Your goal
Down to the last line, print the data that follows exactly, without its pictures.

Data below

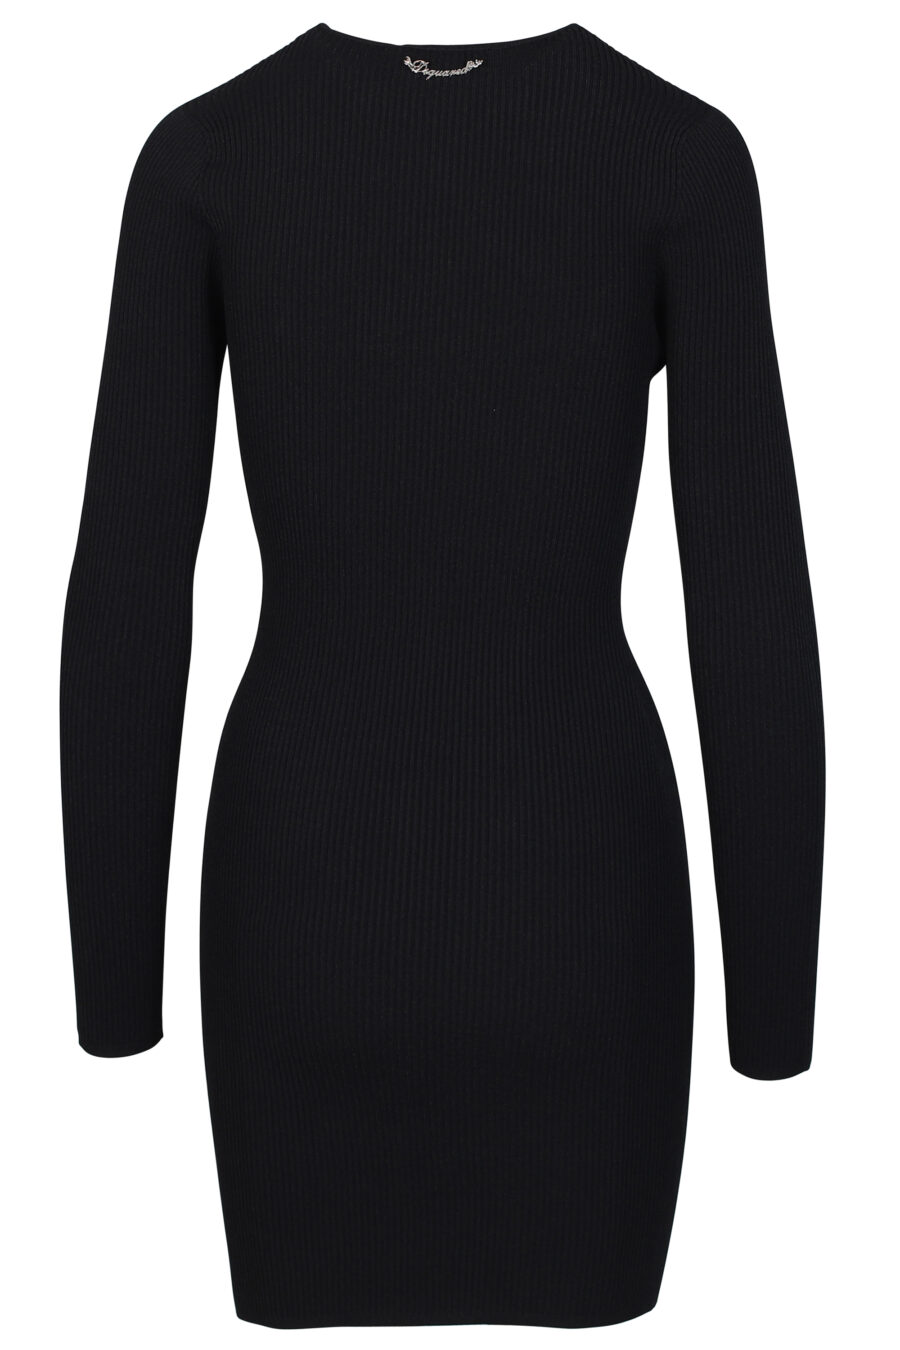 Kurzes schwarzes "Cut-Out" Kleid mit langen Ärmeln und Ausschnitt - 8054148010836 3
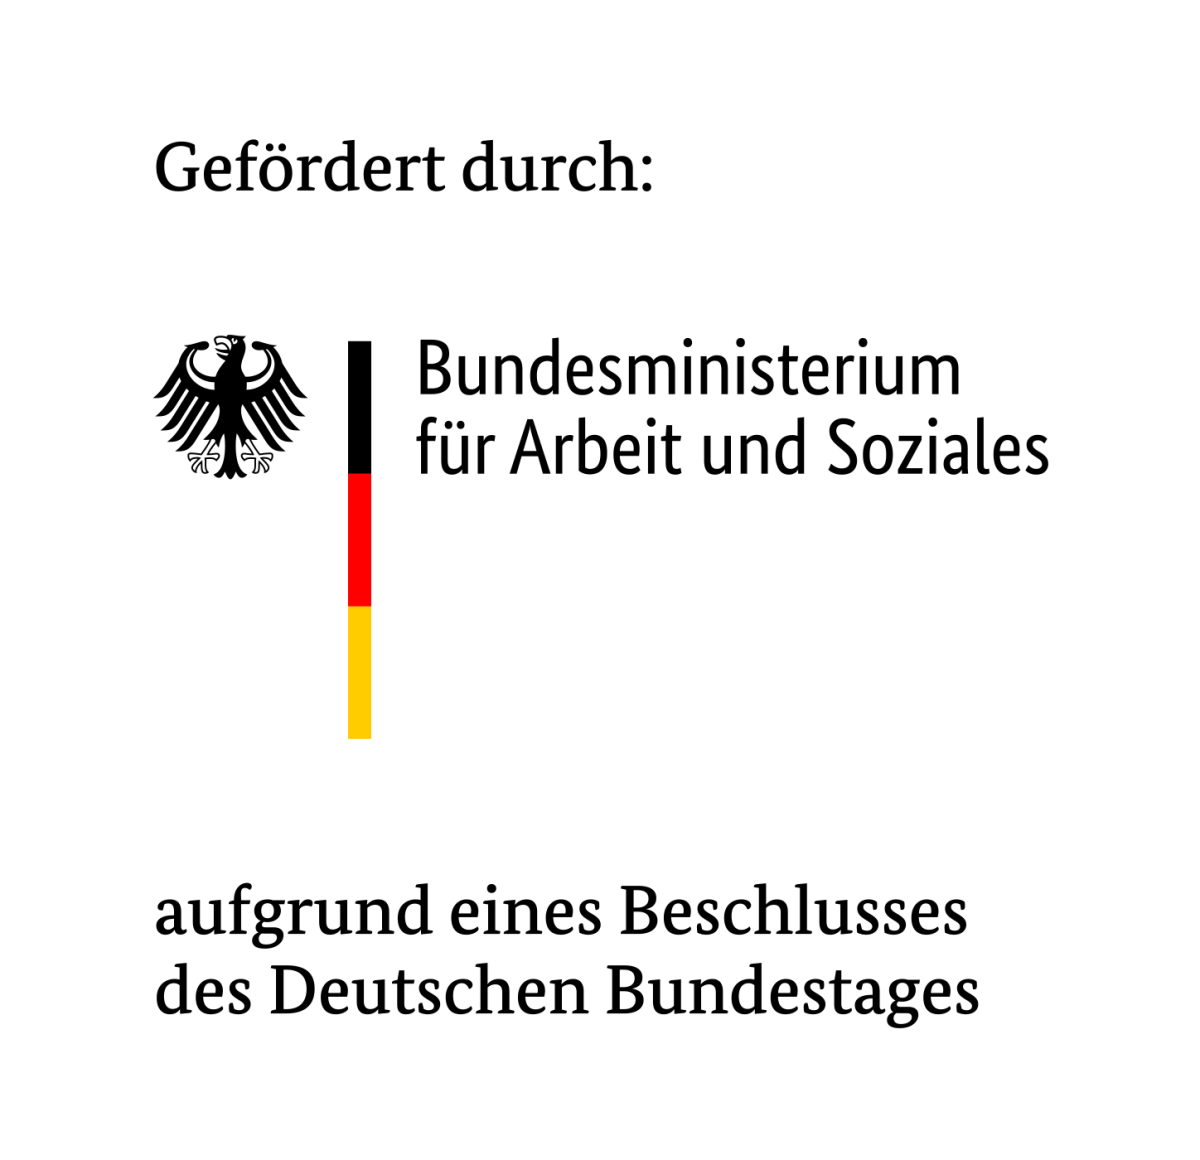 Gefördert durch Bundesministerium für Arbeit und Soziales aufgrund eines Beschlusses des Deutschen Bundestags
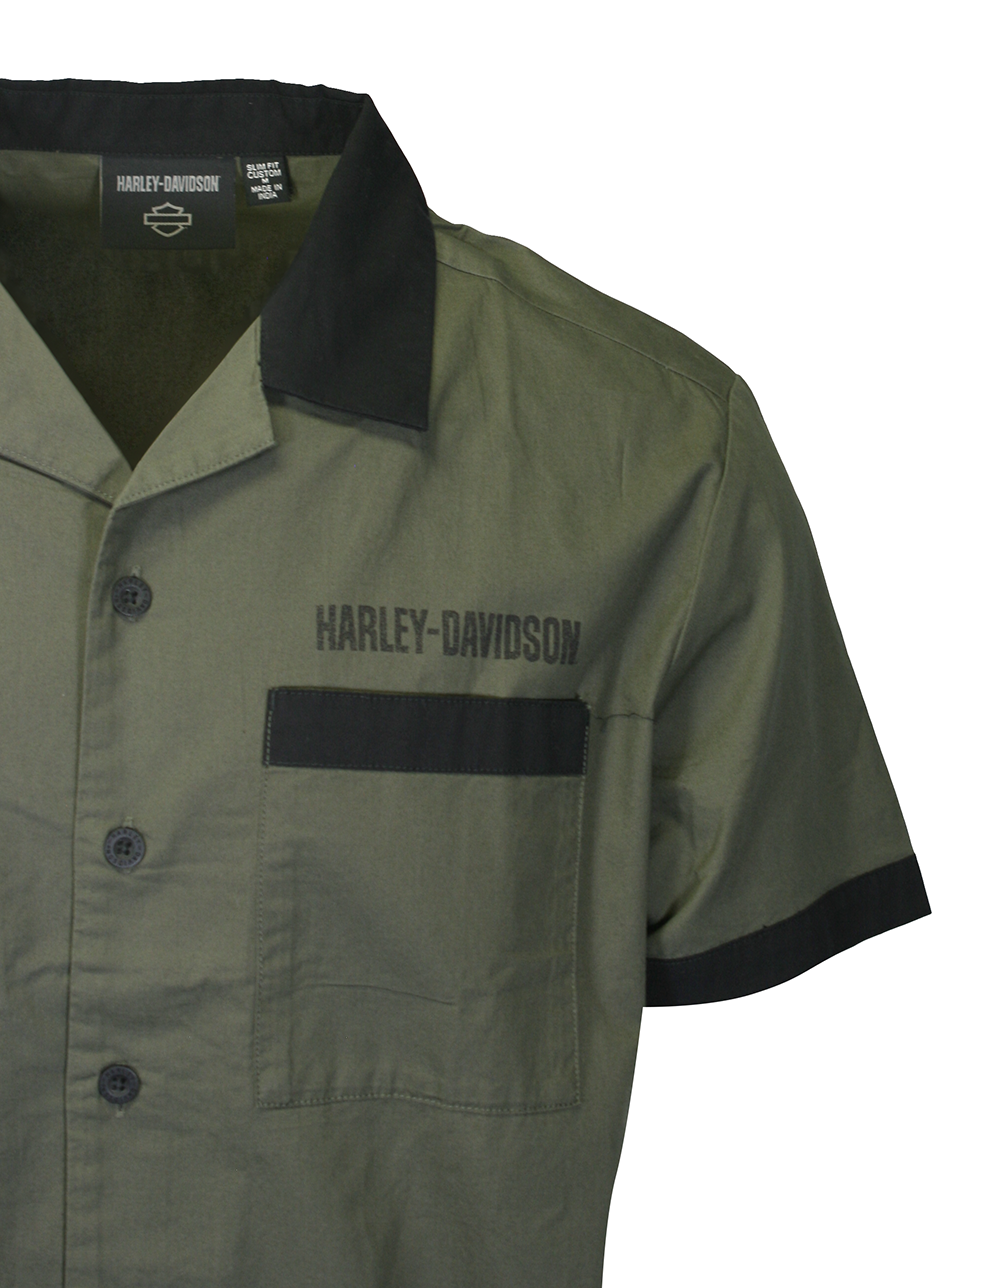 Harley-Davidson Men's Shirt Grape Leaf Combustion S/S Woven (S53)
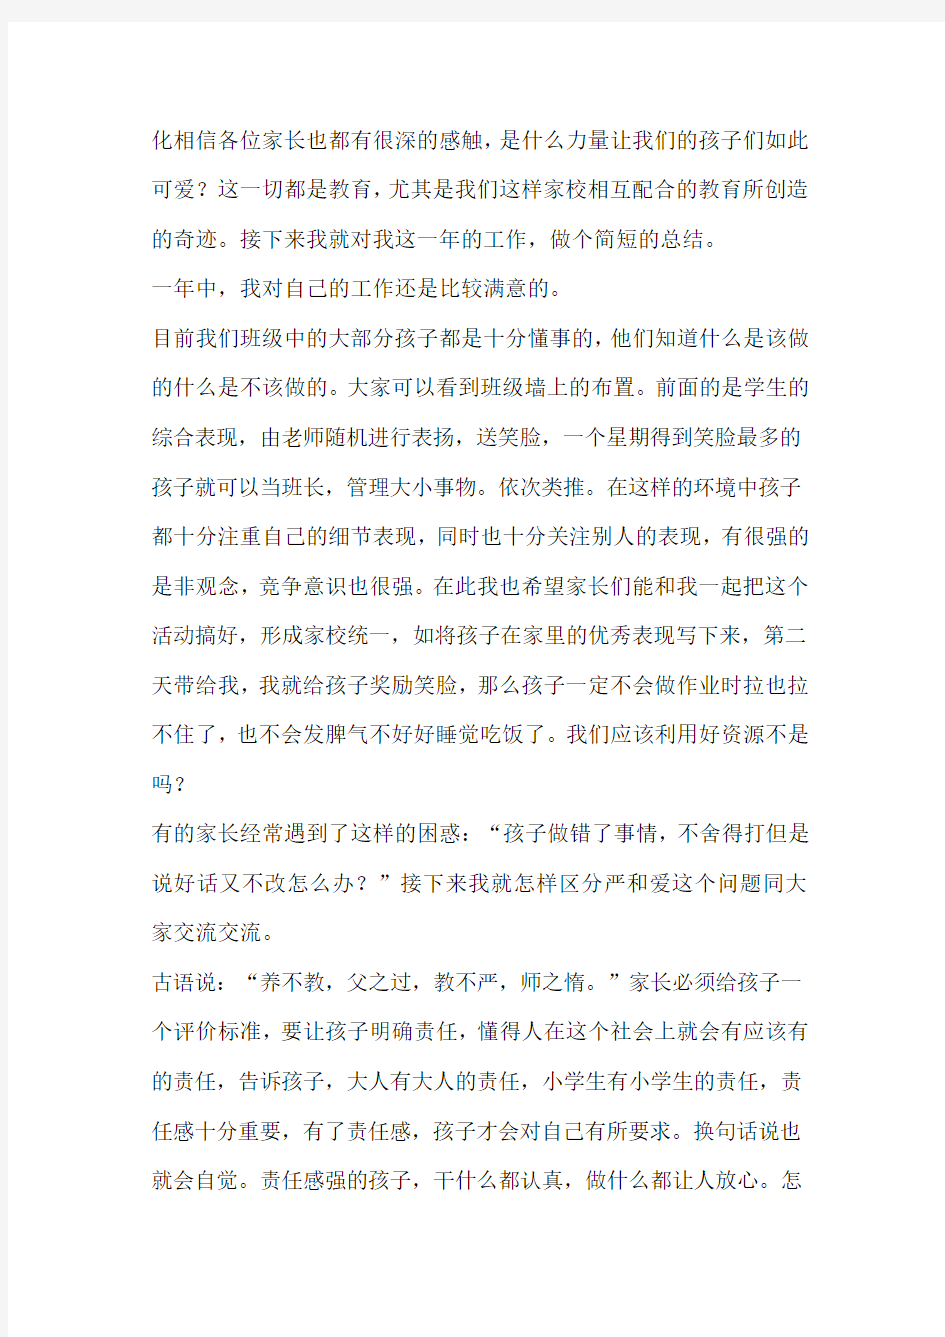 【2019年整理】台湾台北市仁爱路四段中山公园内国父纪念馆的导游词

Your response
 Kurzes schwarzes "Cut-Out" Kleid mit langen Ärmeln und Ausschnitt - 8054148010836 3
 Gefördert durch Bundesministerium für Arbeit und Soziales aufgrund eines Beschlusses des Deutschen Bundestags
 Harley-Davidson Men's Shirt Grape Leaf Combustion S/S Woven (S53)
 【2019年整理】台湾台北市仁爱路四段中山公园内国父纪念馆的导游词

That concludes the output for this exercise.